Oman today denounced rioters in Pakistan who set fire to 24 homes and 12 churches in a predominantly Christian neighbourhood following rumours involving the defacement of the Quran. Bahrain and the UAE have also slammed the attacks saying they were a violation of international laws and undermine the stability of Pakistan.
Police announced that more than 100 people were arrested and a further 600 processed by officials in relation to the case on Thursday. The attacks had taken place a day earlier.
PAKISTAN: 21 Churches set on fire, Bibles burned, 378 homes of Christian civilians destroyed by radical Islamists.
And the world is silent.
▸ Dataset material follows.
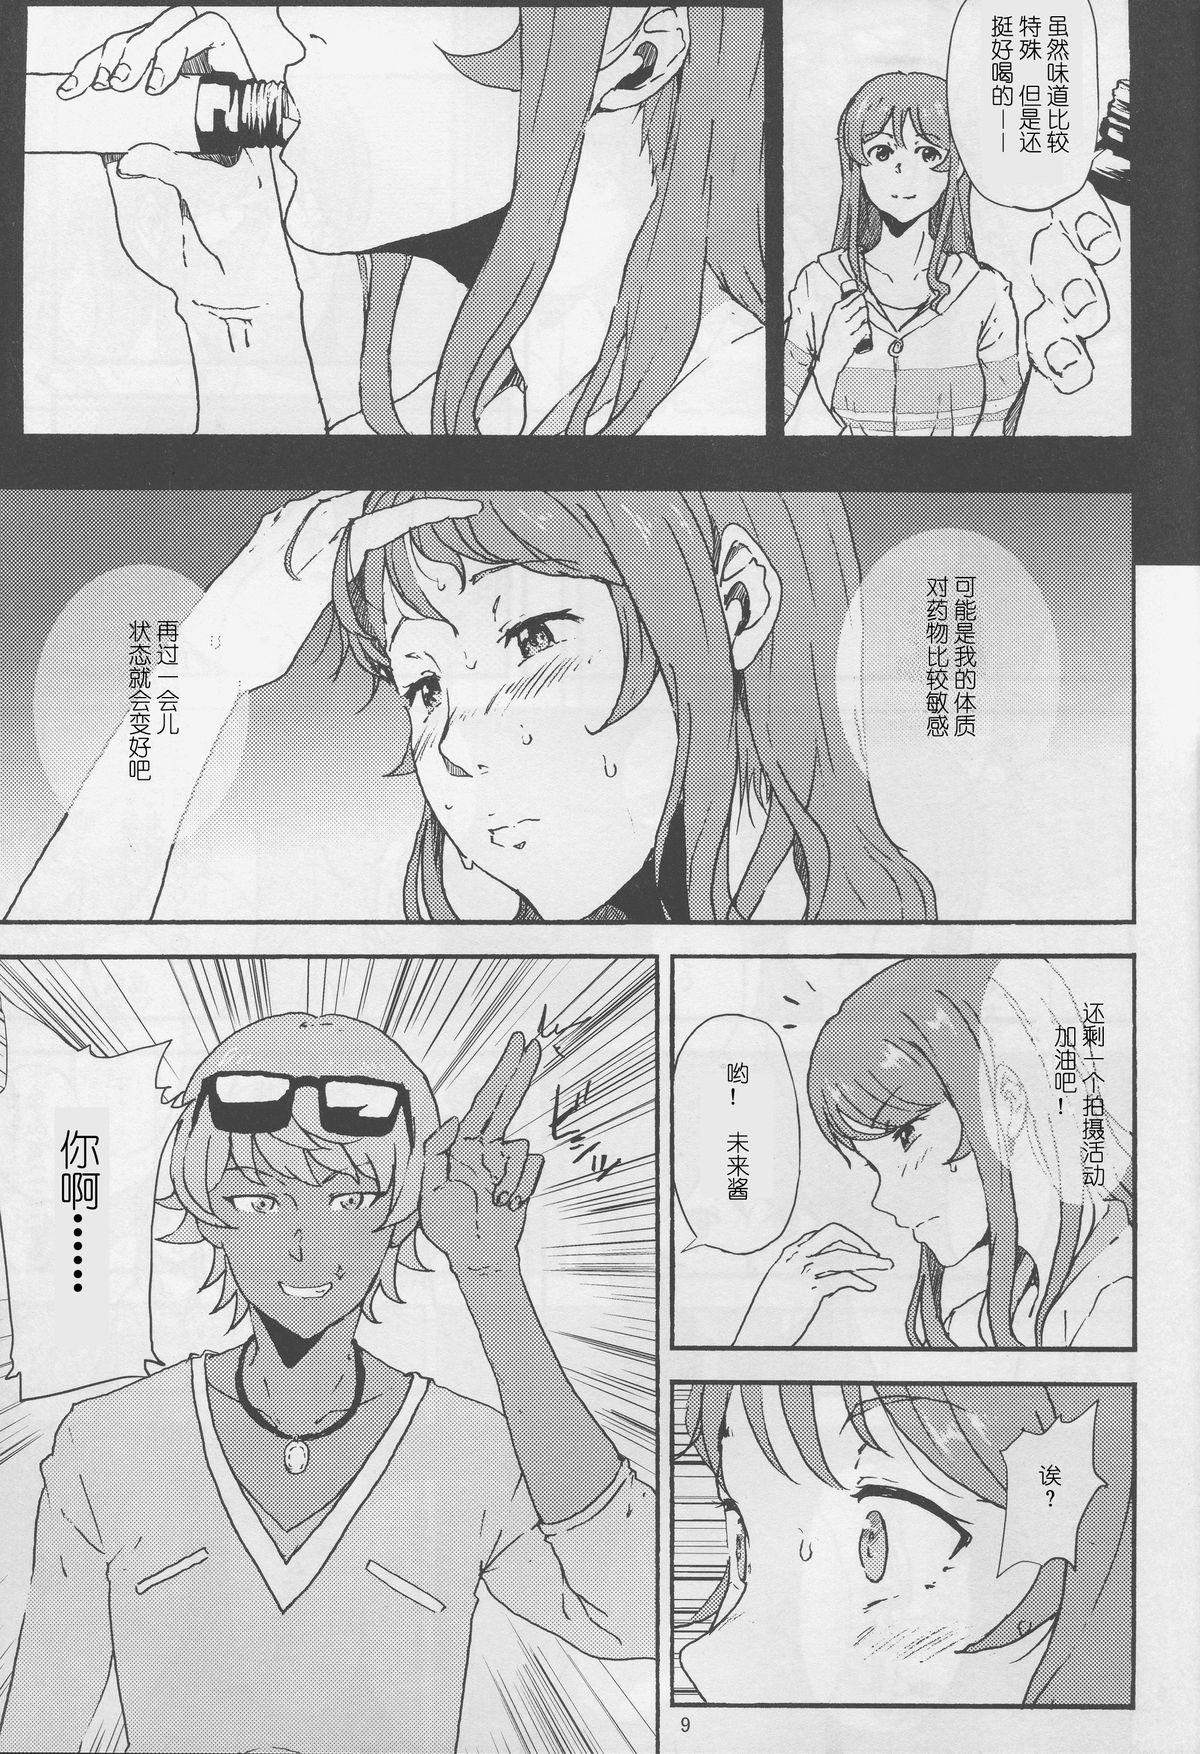 Mirai-chan ga Sandaime SGOCK no Leader ni Damasare Yarechau Hon 9

Pray for the persecuted minorities in Pakistan. pic.twitter.com/ZHzlkyg6yI
— Hananya Naftali (@HananyaNaftali) August 18, 2023
Commenting on a situation, Bishop Azad Marshall, a member of the Pakistani clergy, wrote on X (formerly Twitter): “We […] are deeply pained and distressed by the Jaranwala incident…”.
Words fail me as I write this. We, Bishops, Priests and lay people are deeply pained and distressed at the Jaranwala incident in the Faisalabad District in Pakistan. A church building is being burnt as I type this message. Bibles have been desecrated and Christians have been… pic.twitter.com/xruE83NPXL
— Bishop Azad Marshall (@BishopAzadM) August 16, 2023
The two Christian men who allegedly defaced the Quran were also arrested.
In Pakistan, allegations and arrests pertaining to blasphemy are frequently the cause for riots such as these. Blasphemy laws are used on people of minority religions more than 50 per cent of the time despite them only making up less than four per cent of the population. This has drawn criticism from human rights groups including Amnesty International and Oxford Human Rights Hub.